DERSHOWITZ, ALAN M.
DERSHOWITZ, ALAN M. (1938– ), U.S. law professor and civil liberties lawyer. Dershowitz was born in Brooklyn, New York, graduated from Yeshiva University high school and Brooklyn College. He received his law degree from Yale Law School, where he was editor-in-chief of the Yale Law Journal. He was law clerk to Chief Judge David Bazelon, U.S. Court of Appeals, and Justice Arthur Goldberg of the U.S. Supreme Court. In 1967 he was appointed professor at Harvard Law School, where his special subjects have been criminal law, psychiatry and law, and constitutional litigation. He has served as consultant to the government of China on the revision of its criminal code, as a member of the President's Commission on Marijuana and Drug Abuse, the President's Commission on Causes and Prevention of Violence, and the President's Commission on Civil Disorders, and he has been director of the National Institute of Mental Health.
Dershowitz has been chairman of the civil rights commission for New England of the Anti-Defamation League of B'nai B'rith, and has been a prominent member of the board of directors of the American Civil Liberties Union.
He has lectured widely and written extensively (in books, in magazines, and newspaper articles) on civil liberties and public affairs. He has been identified as counsel in many important legal cases involving civil liberties, and became a public figure especially through his participation in television programs and interviews.

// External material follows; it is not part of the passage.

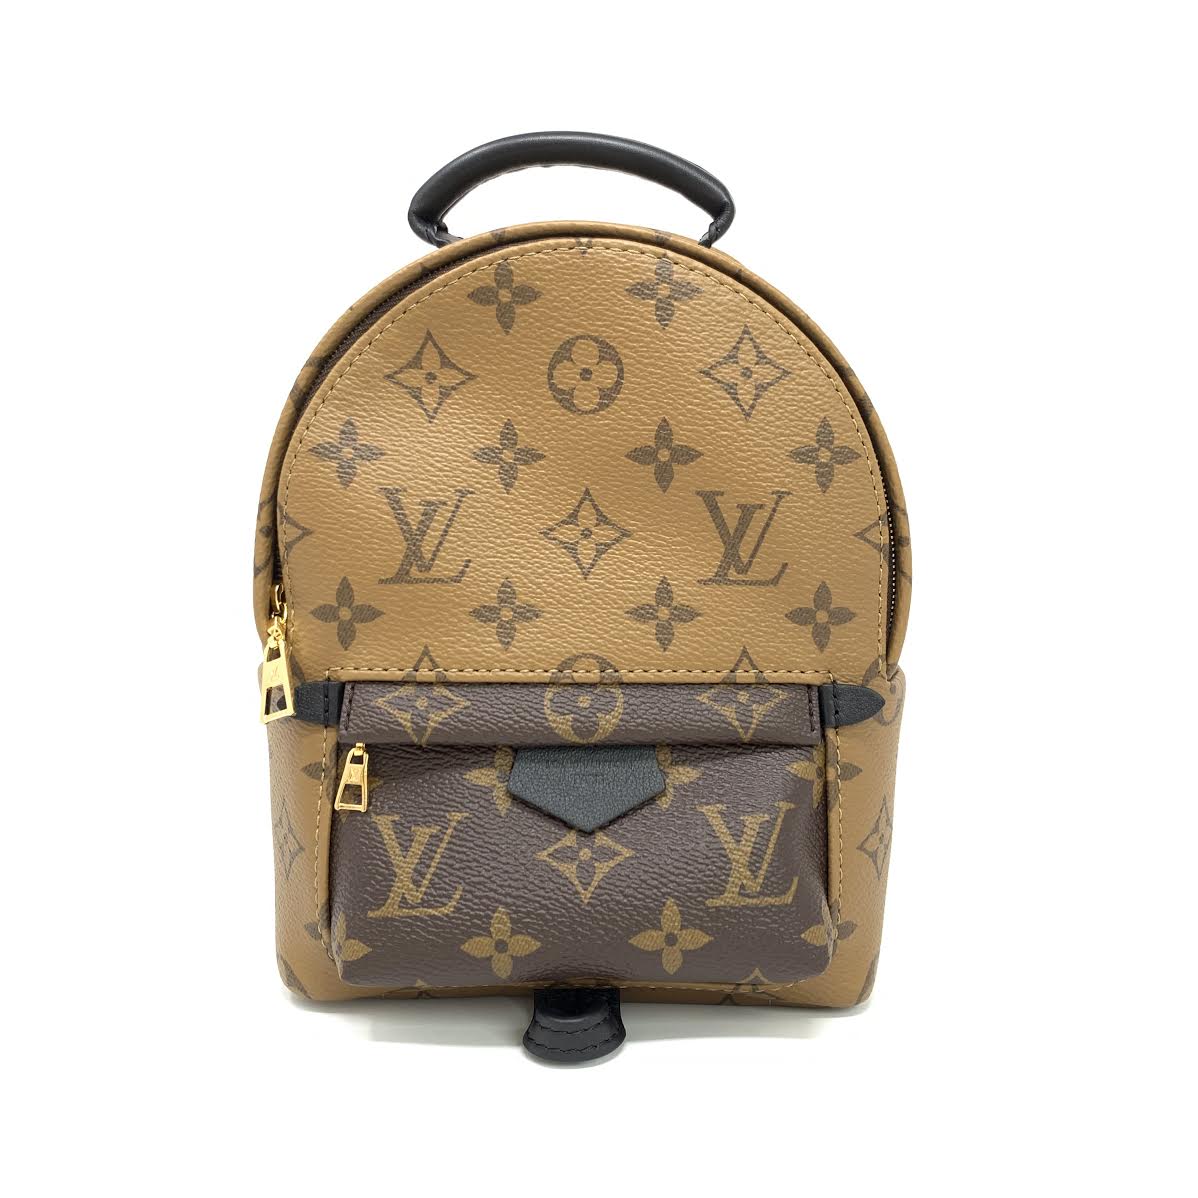 Bag Review: Louis Vuitton Palm Springs Backpack Mini
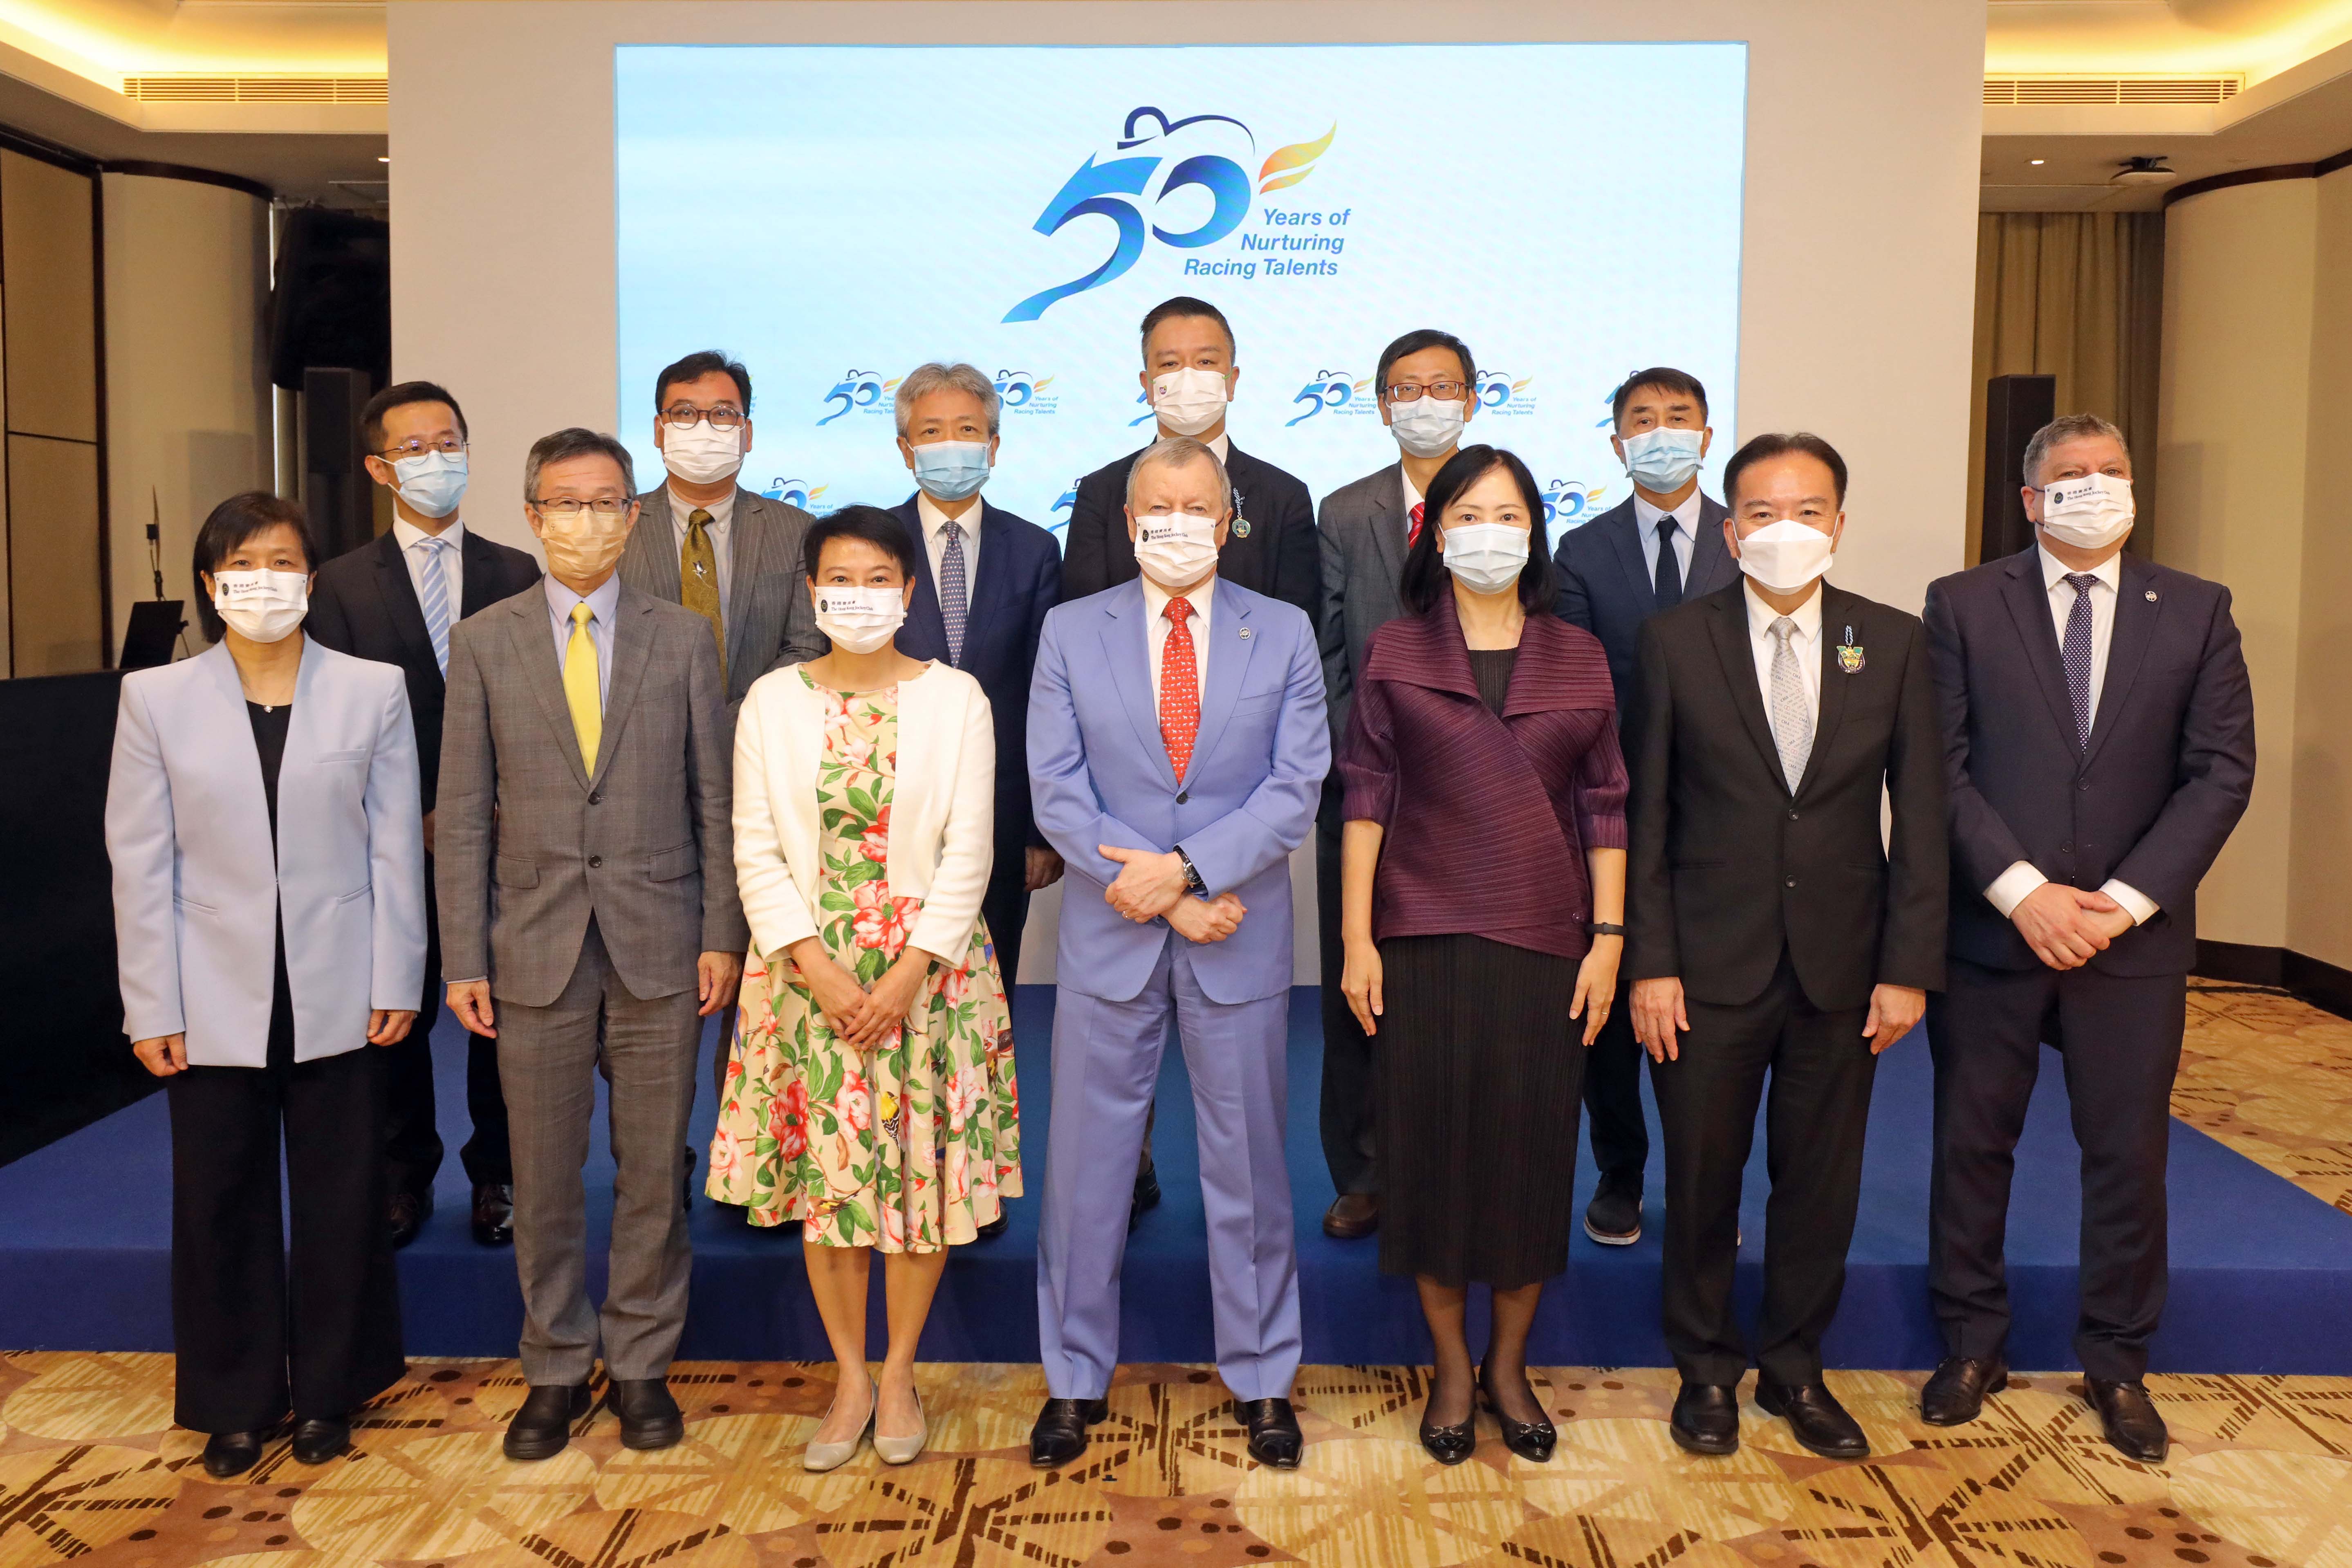 EdUHK Council Chairman Dr David Wong Yau-kar (front row: second from right); President Professor Stephen Cheung (second row: third from left); Professor John Lee (second row: second from right); and Dr Andy Tse pictured with Permanent Secretary for Education of HKSAR Government Ms Michelle Li (front row: third from right) and the HKJC senior management

Dershowitz has played a leading role in influencing Congress in projecting the theory of “presumptive sentencing,” which is intended to obviate discrepancy in criminal sentencing for the same crimes.
Between 1967 and
1986 Dershowitz represented clients in eleven cases in the U.S. Supreme
Court. Some of his cases have attracted national attention, including those
in which he represented Patricia Hearst, Claus von Bülow the trial
lawyer, F. Lee Bailey, and Kenneth Tyson. Although stridently loyal to
Jewish causes, he defended the constitutional right of the American Nazi
party in 1977 to march in Skokie, Illinois, for he maintains that as a
civil libertarian it was his duty to uphold the constitutional right of
free speech, which includes the right to demonstrate peacefully. Dershowitz
thinks of himself as a liberal in the tradition of John F. Kennedy and
Hubert Humphrey. Although opposed to the philosophy and actions of the
Jewish Defense League, he in 1972 successfully defended Sheldon Siegel,
a member of the J.D.L., on a murder charge arising out of the blowing up
of the offices of Sol Hurok to protest Hurok's sponsorship of Russian performers.
Dershowitz succeeded at the trial of Siegel to expose the case as a police
frame-up. Time magazine has called him, “the top lawyer of last resort
in the country.” He was on the defense team of the 1995 O.J. Simpson murder
trial. Newsweek has described Dershowitz as “the nation's most peripatetic
civil liberties lawyer and one of its most distinguished defenders of individual
Dershowitz is author of several books, including The Best Defense (1982); Reversal of Fortune: Inside the von Bülow Case (1982), which was made into a successful film; Taking Liberties: A Decade of Hard Cases, Bad Laws and Bum Raps (1988); his autobiography Chutzpah (1991); and Contrary to Public Opinion (1992).